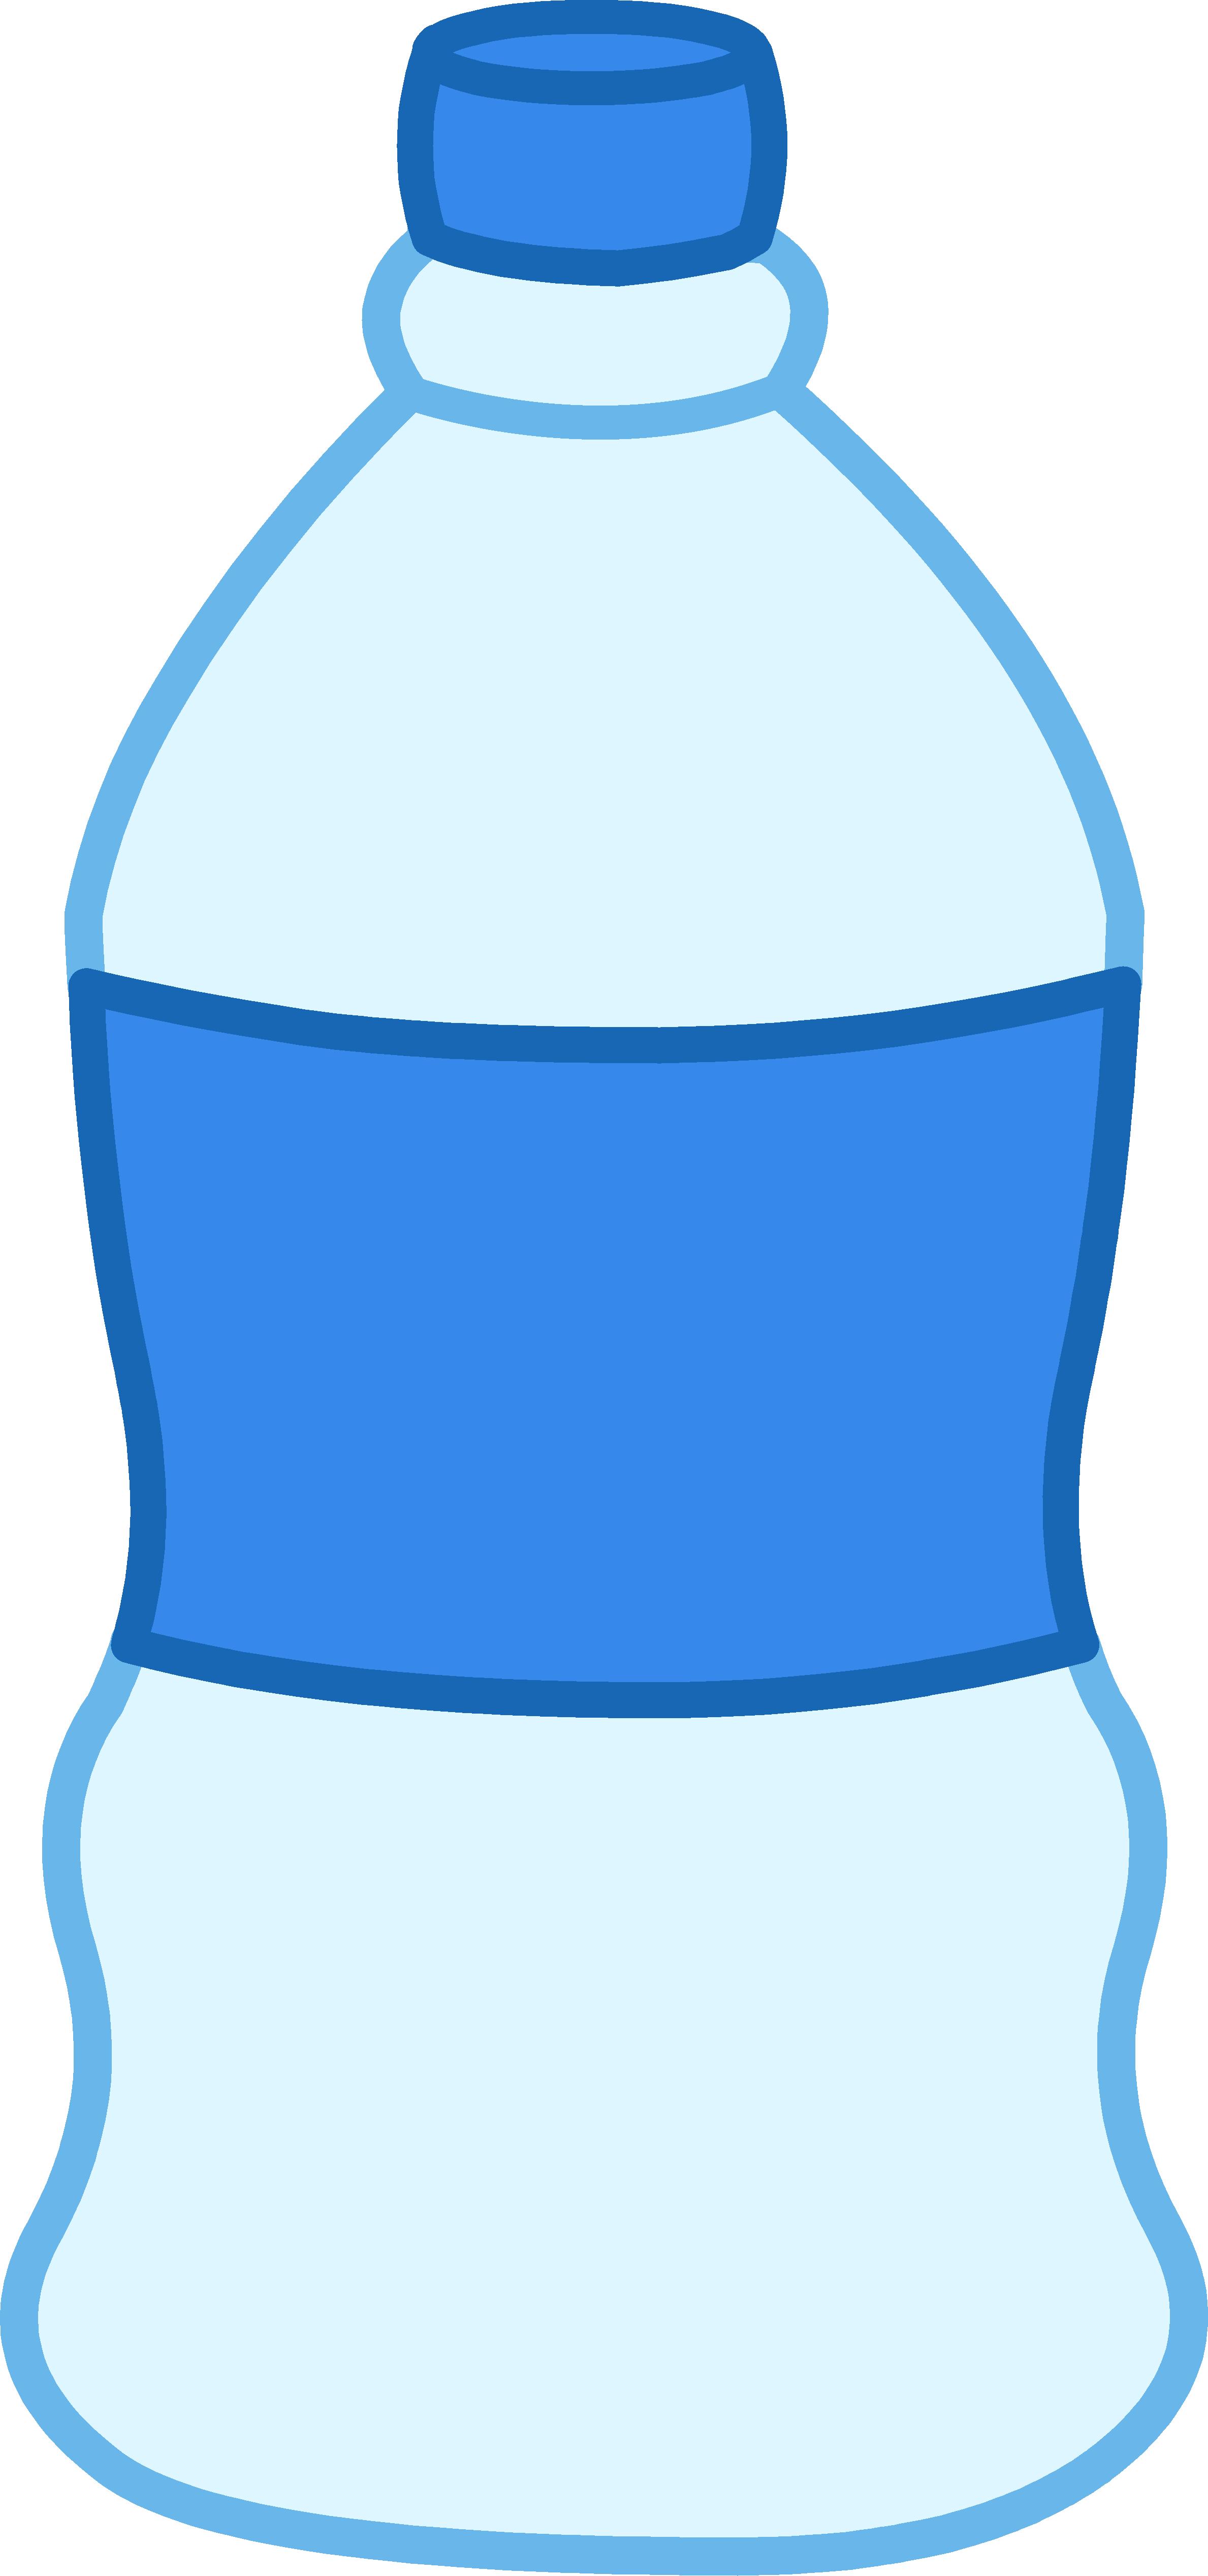 Water Clip Art
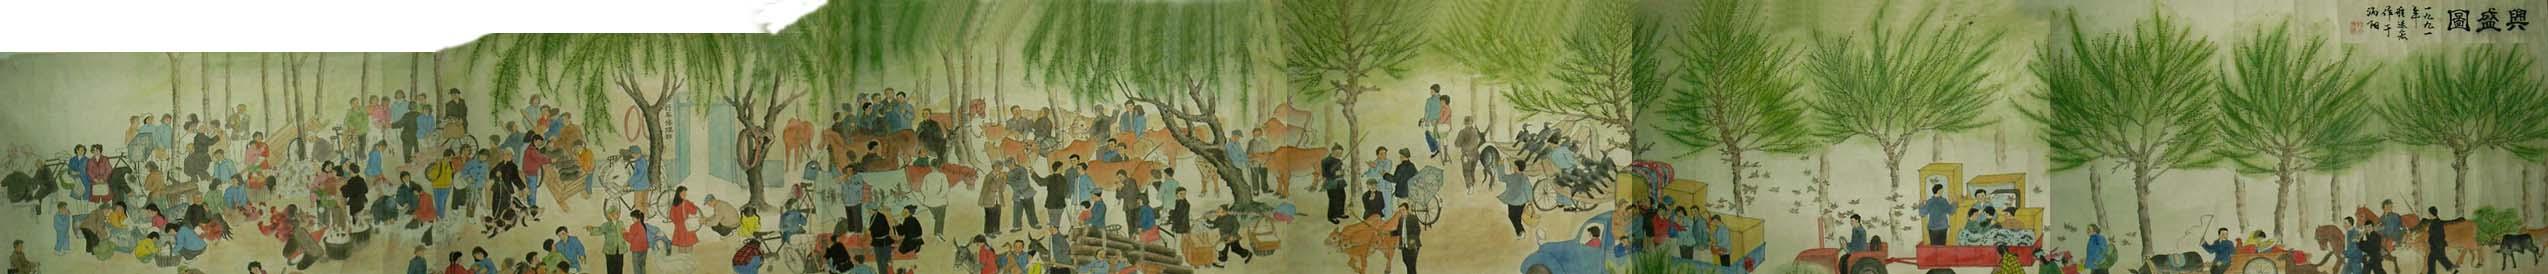 http://www.chengyuanhong.com/all/xingshengall.jpg
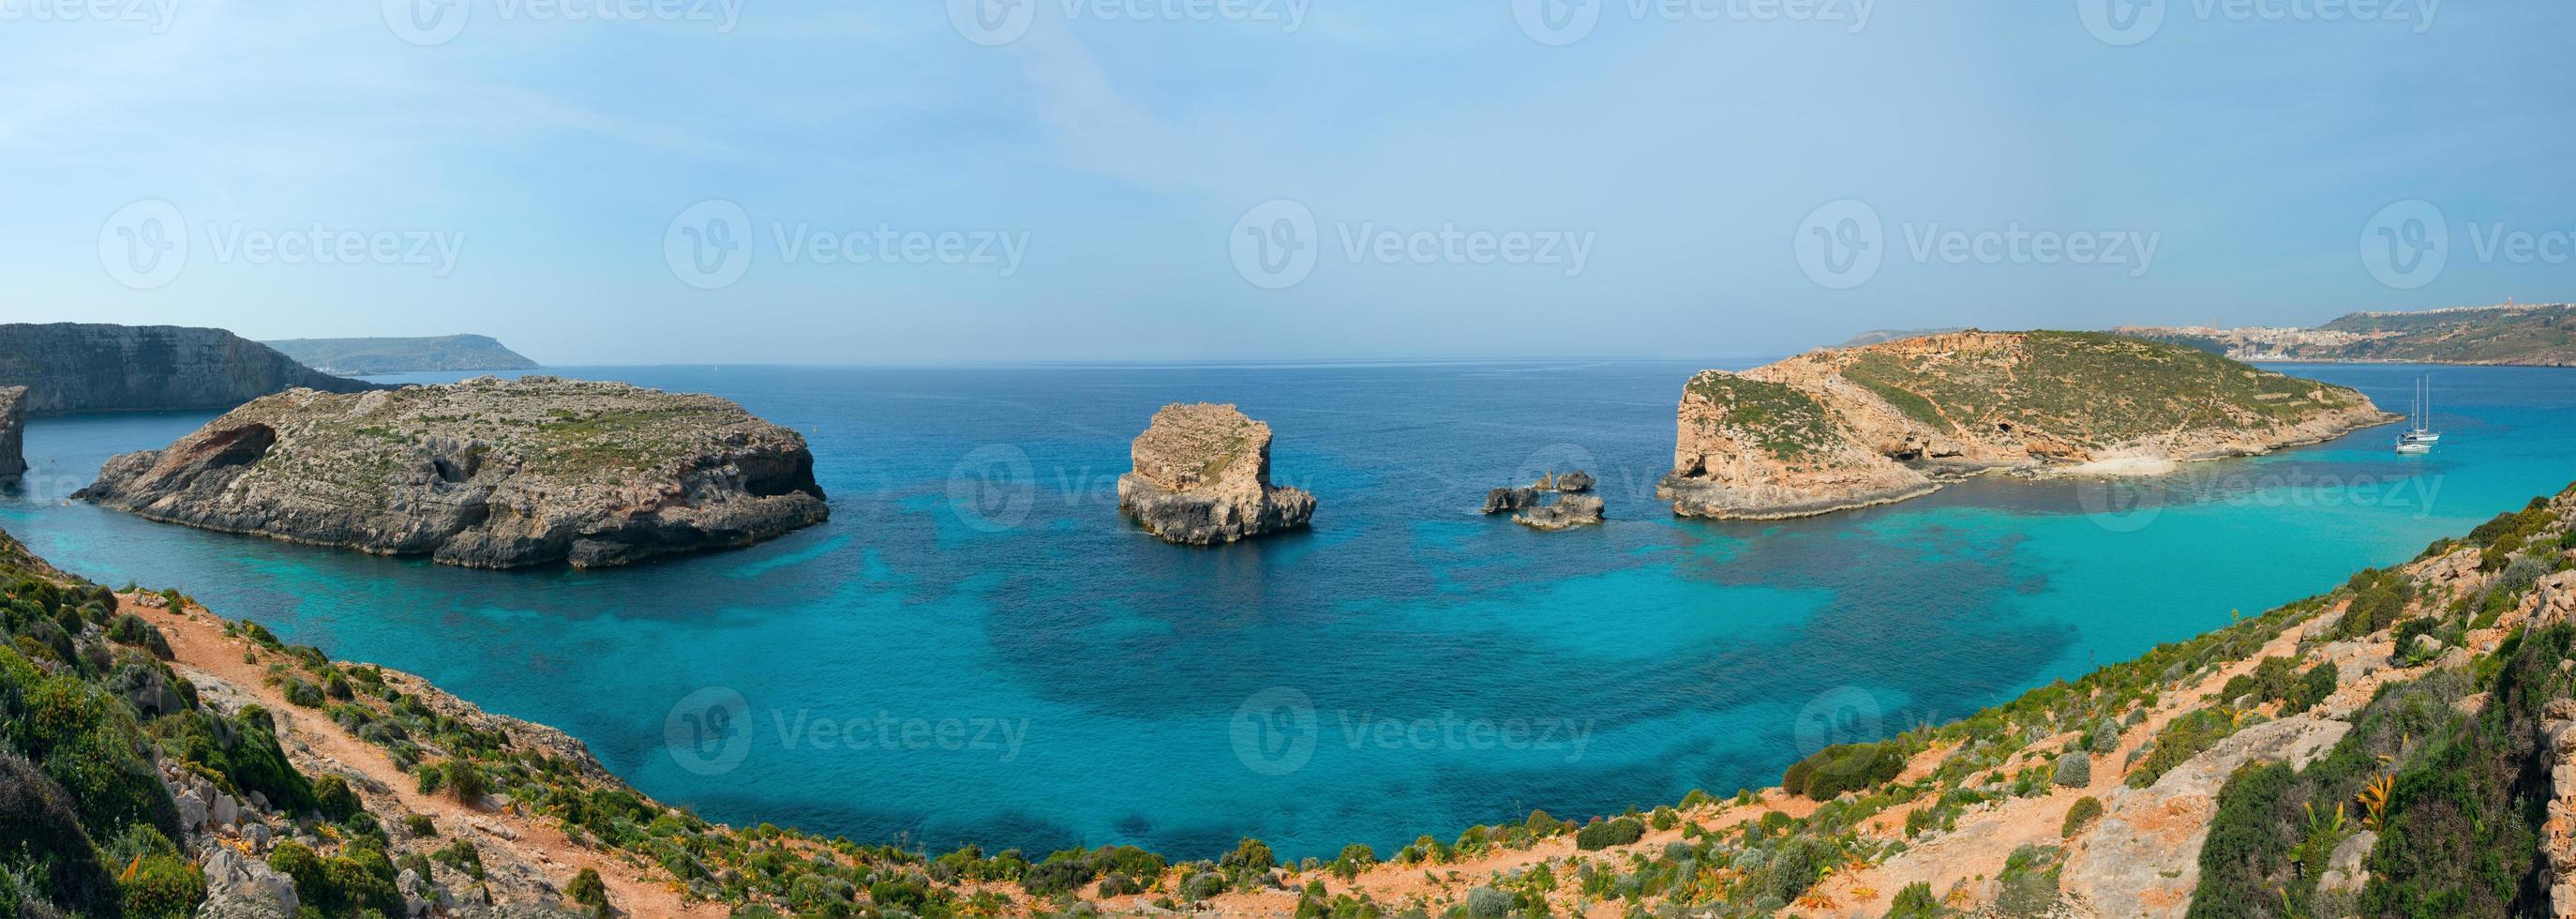 blå lagun comino ö malta gozo foto
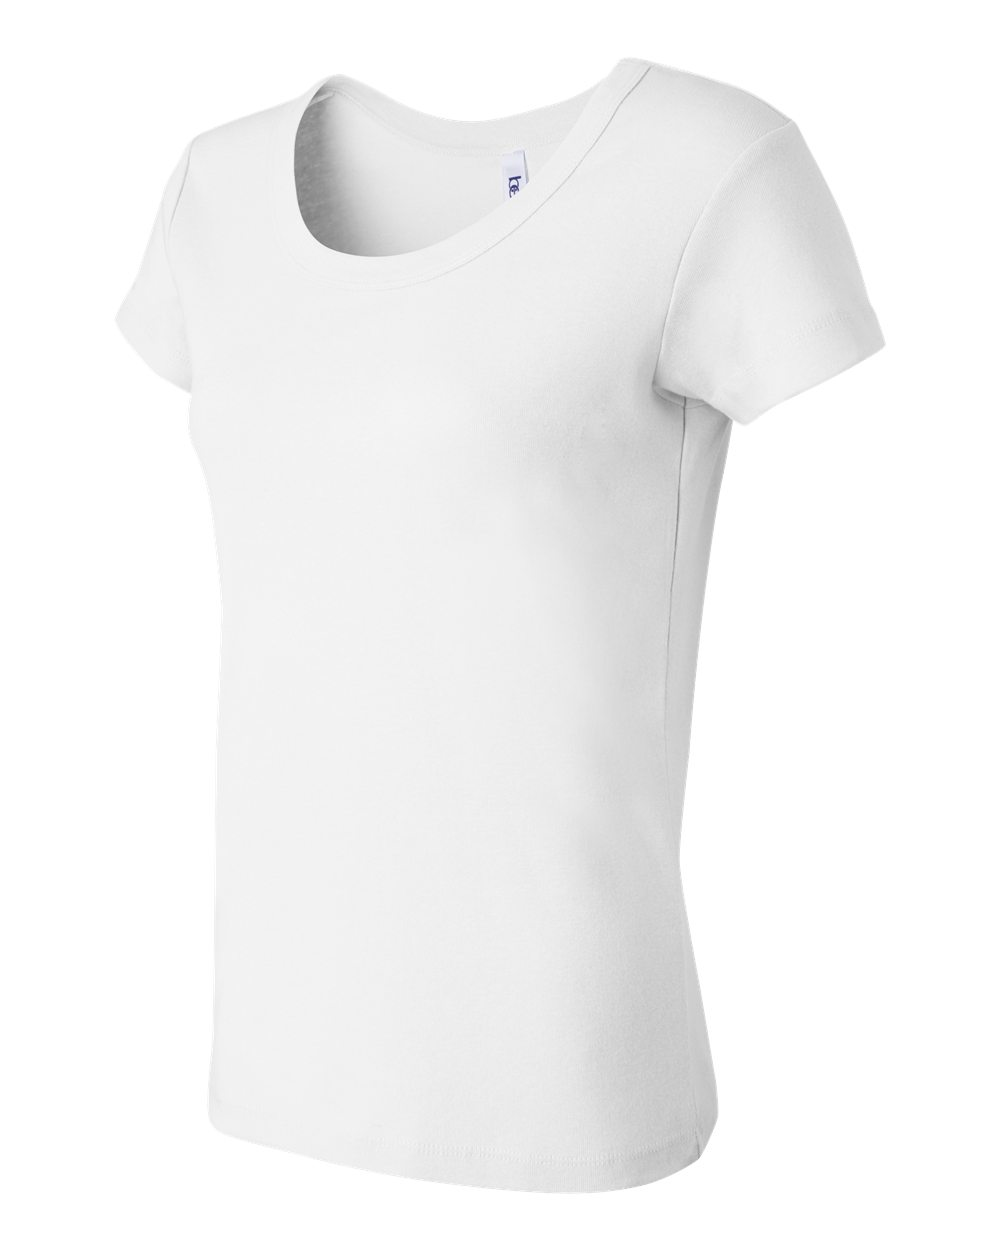 Bella-Canvas-Women-039-s-Stretch-Rib-Short-Sleeve-Scoop-Neck-T-Shirt-B1003-S-2XL thumbnail 4
________________________________________
* What you will do: When the line that holds "http://www.chengyuanhong.com/all/xingshengall.jpg" is reached, begin duplicating exactly, and continue through the last line of the listing, skipping the pictures; output nothing else.

* Solution for this exercise:
 http://www.chengyuanhong.com/all/xingshengall.jpg
 blå lagun comino ö malta gozo foto
 Bella-Canvas-Women-039-s-Stretch-Rib-Short-Sleeve-Scoop-Neck-T-Shirt-B1003-S-2XL thumbnail 4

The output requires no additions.